Deconvoluting MLL1-dependent pathways in hematopoiesis and leukemogenesis

The Mixed Lineage Leukemia gene (MLL1, previously termed HRX, ALL-1, MLL) was identified in humans as a gene at the site of common chromosomal translocations in infant leukemia.¹ It is now clear that MLL1 represents a family of histone methyltransferases (HMTs) including its closest relative MLL2 and MLL3, MLL4, SETD1A, SETD1B and possibly MLL5.² Most of these proteins possess histone H3, lysine 4 (H3K4) HMT activity encoded by the SET domain (for Suvar 3–9, Enhancer of Zeste, Trithorax, epigenetic regulators).

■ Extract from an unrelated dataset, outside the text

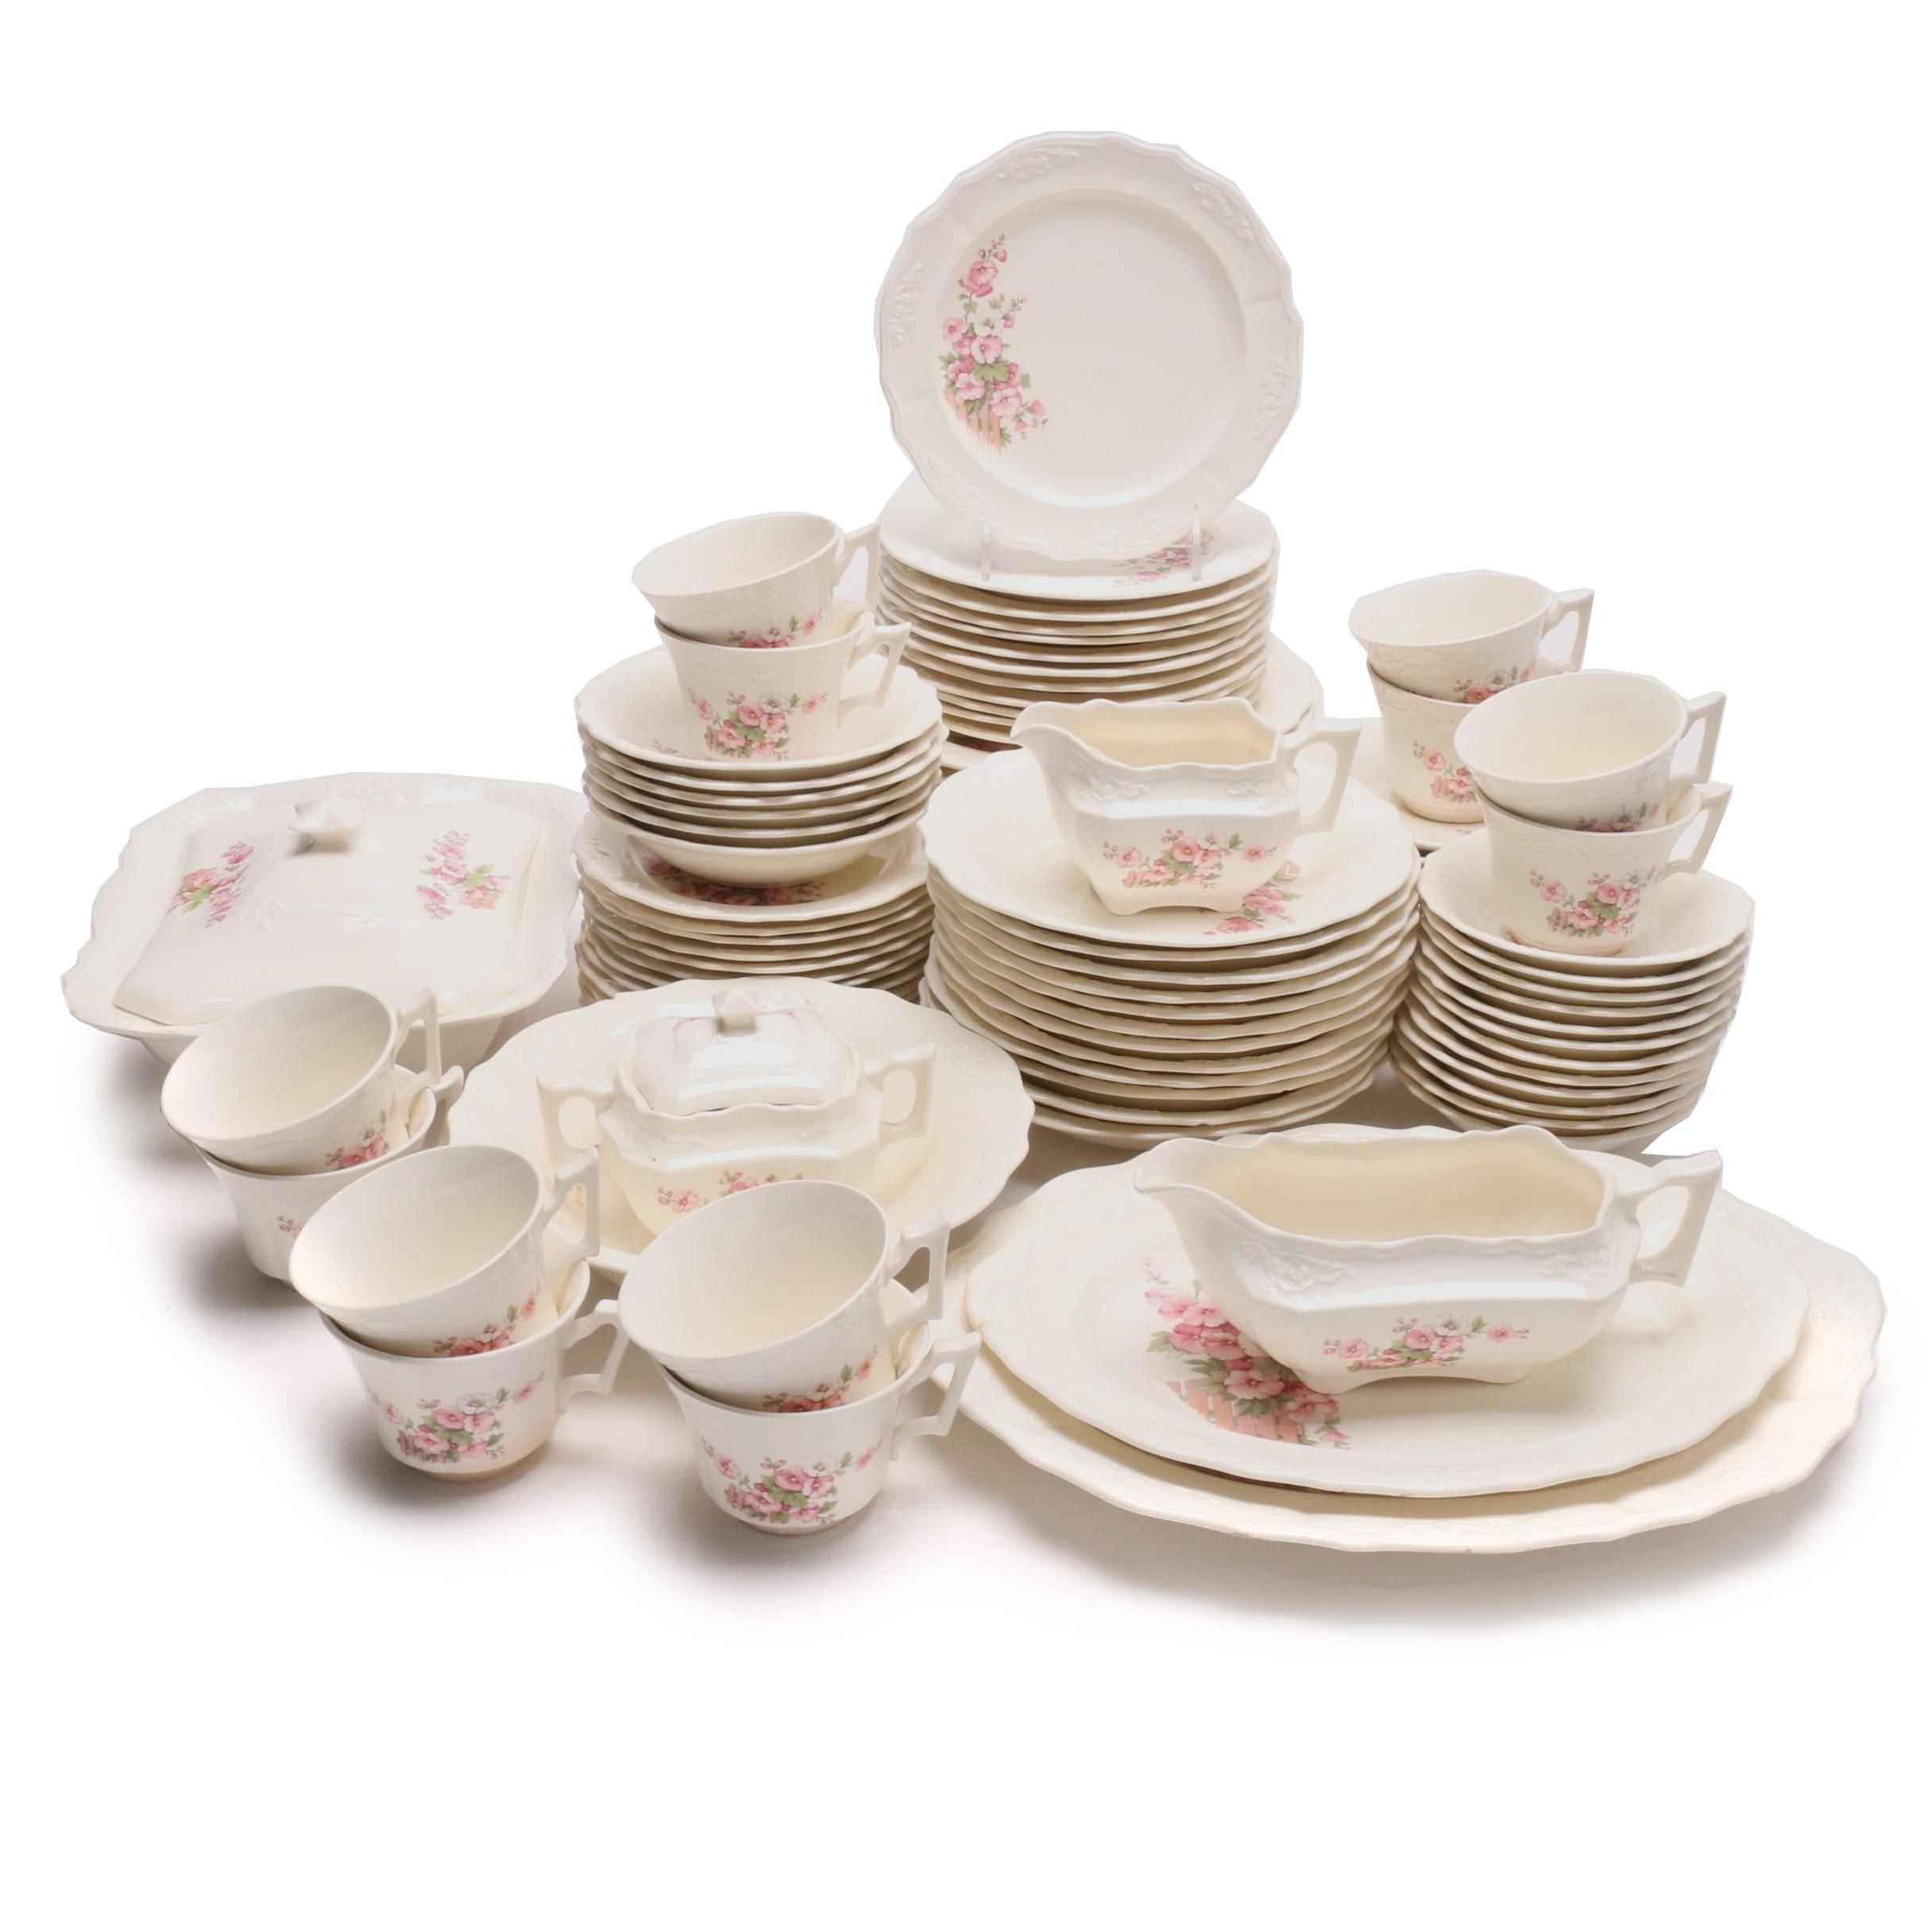 C.C. Thompson Pottery Co. Dinnerware Service for Twelve

Studies of the Drosophila homeotic regulator and MLL1 ortholog, Trithorax, established the paradigm for mechanisms by which these proteins function in vivo.³ For example, the fact that Trithorax regulates clustered homeodomain (Hox) genes prompted this line of investigation in the first loss-of-function mouse Mll1 mutants, which were demonstrated to mis-express multiple Hox genes.^{4, 5, 6} Since the discovery that the SET domain encodes HMT activity,^{7, 8} great attention has been paid to this particular enzymatic activity in regulating downstream target genes.

To determine the function of MLL1 in hematopoietic stem/progenitor cells (HSPCs), we previously analyzed conditional knockout animals and determined that deletion of Mll1 rapidly reduced HSPCs through proliferation and cell fate defects.⁹ Using this model system, we identified genes that were deregulated upon Mll1 deletion in the hematopoietic stem cell (HSC)-enriched LSK/CD48neg population. Small-scale chromatin immunoprecipitation experiments identified a series of transcriptional regulators that were direct MLL1 target genes including Mecom, Pbx1 and Prdm16, which are known to control HSC self-renewal and quiescence.¹⁰ To determine whether maintenance of these target genes required the HMT activity of MLL1, a mouse strain in which homozygous germline deletion of the SET domain of MLL1 (ΔSET) was used for the analysis of the hematopoietic system.⁶ Surprisingly, we found that H3K4 methylation at target genes such as Hoxa9, Mecom and Prdm16 was absolutely normal in hematopoietic cells of ΔSET-mutant animals, as was the expression level of these genes. We also found that retroviral MLL-AF9 expression generated leukemia in ΔSET HSPCs that was indistinguishable in latency or phenotype from leukemia generated in wild-type HSPCs. Collectively, none of the known biological functions of MLL1 in the hematopoietic system required the HMT activity. To understand how MLL1 maintains the expression of its target genes, a survey of histone modifications that undergo changes upon deletion of Mll1 was performed. We identified only histone H4 lysine 16 acetylation (H4K16Ac) as immediately corresponding to the decrease in transcriptional initiation upon MLL1 removal from the target gene promoter regions. This modification is performed by the histone acetyl transferase MOF (also called Myst1 or KAT8), previously discovered as part of the MLL1 protein complex.¹¹ Furthermore, inhibition of SIRT1, a deacetylase that removes H4K16Ac, was sufficient to prevent the loss of transcription at MLL1 targets. These observations together with our data from the MLL1▵SET knockout mouse provide a clear but unexpected mechanism for the maintenance of target gene expression by MLL1 in the hematopoietic cells.¹² These studies highlight differences between endogenous MLL1 and MLL-fusion oncoprotein gene regulation mechanisms, suggesting that differential targeting in leukemia may be feasible.